However, the biggest macro point of the week is the first major testimony by new Fed Chair Jerome Powell.  

What is his view on US growth, how will he interpret the growth in wages and the state of US employment, and what is his view on rate increases over the coming quarters (or even months)?  

These three questions are likely to be asked, and should be asked by the committee to give clarity and a framework for his tenure as Chair. He will need to navigate his testimony with great skill, as each question has the ability to severely impact money markets and currency markets – with the biggest focus on the US 10-year.

The US bond market is entering a very interesting ‘twilight zone’ – the US 10-year is itching to hit 3 per cent for the first time since December 2013 (on a closing basis).

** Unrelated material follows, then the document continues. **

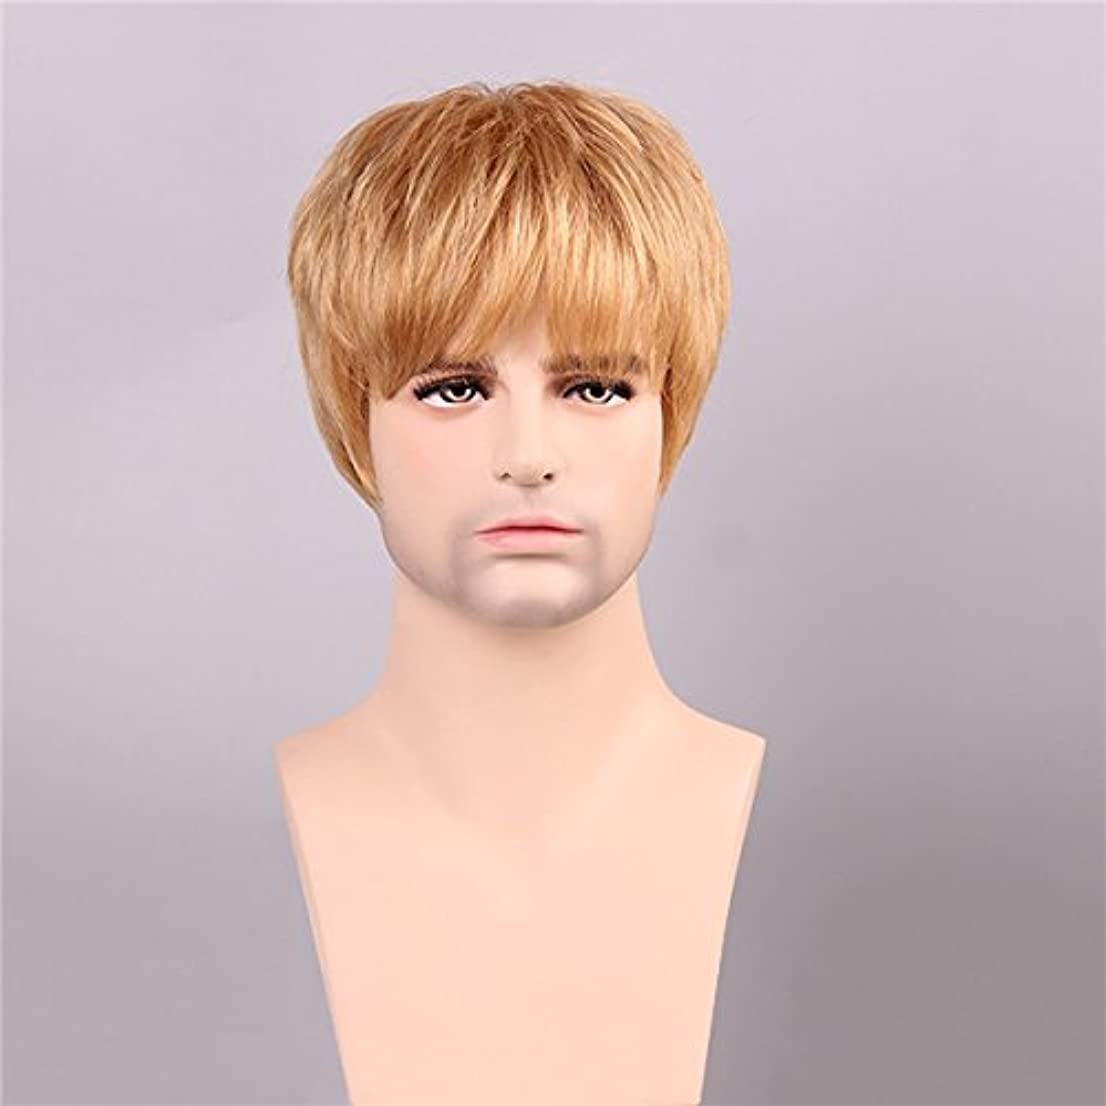 ピューしてはいけないケーブルカーYZUEYT 男性の人間の髪のウィッグゴールデンブラウンブロンドショートモノラルトップ男性男性レミーCapless YZUEYT (Size : One size)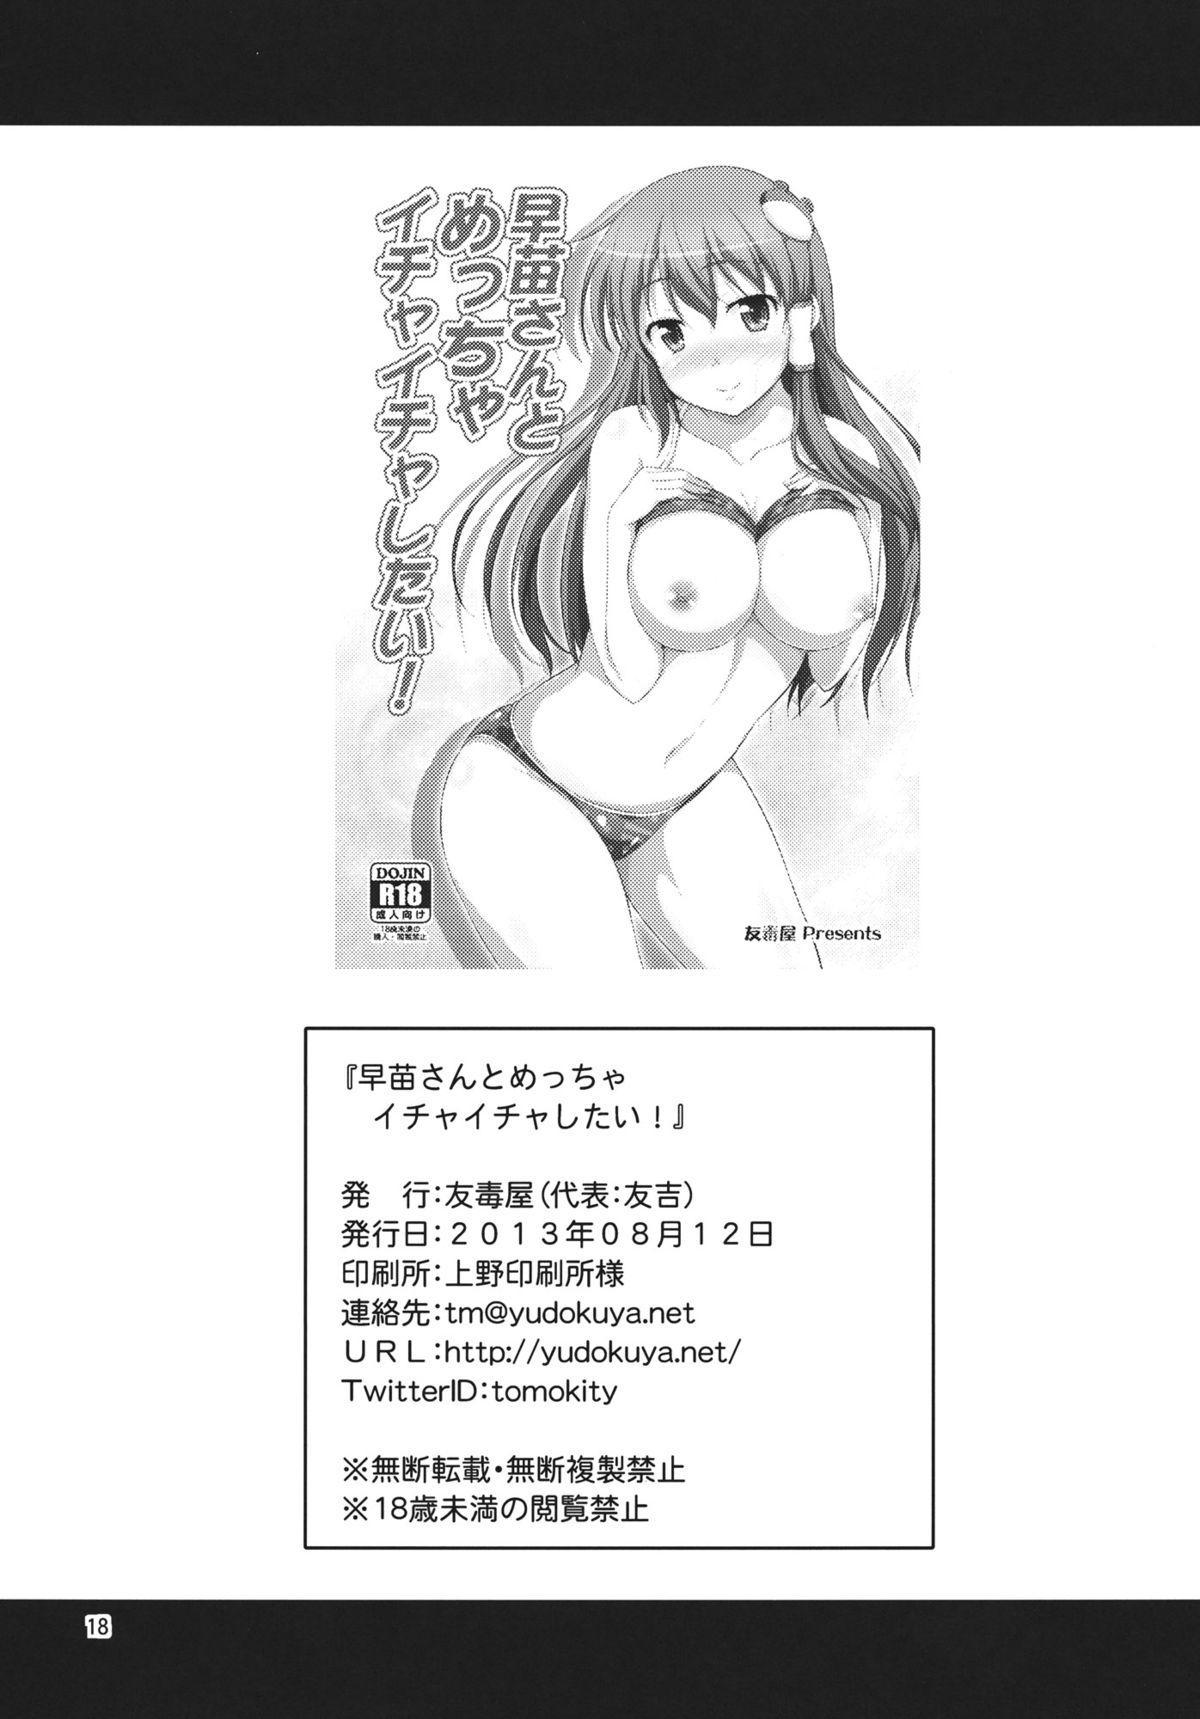 Sanae-san to Meccha Ichaicha Shitai! 16

Crossing the magical 3 per cent threshold will test the mantle of investors and the attraction of the risk-free rate. It also tests investors’ belief on the ability of corporations to fund, and the impact it will have on valuations and total returns.

(Source: Bloomberg)

What makes the 3 per cent level even more interesting is the new issuance that Capitol Hill voted on two weeks ago. Approximately $US300 billion in additional funding will flood the market at a time when the Fed is methodically reducing its balance sheet and nations such as China and Japan reassess their foreign reserves.

In short, it’s a ‘buyer’s market in the primary market space, as the new issuances could enter the market with a 3 per cent handle ready to attract investors to fill the full issuance.

The flow-on effect is also likely to be in focus – how will equity markets view the risk-free rate at or above 3 per cent?

The volatility seen three weeks ago was partly triggered by the US 10-year breaking through 2.85 per cent to 2.89 per cent. Volatility in equity markets has since calmed as the US earnings season just produced its best quarter in over 10 years on the EPS and revenue lines. This allowed stock fundamentals to drown out the macro noise.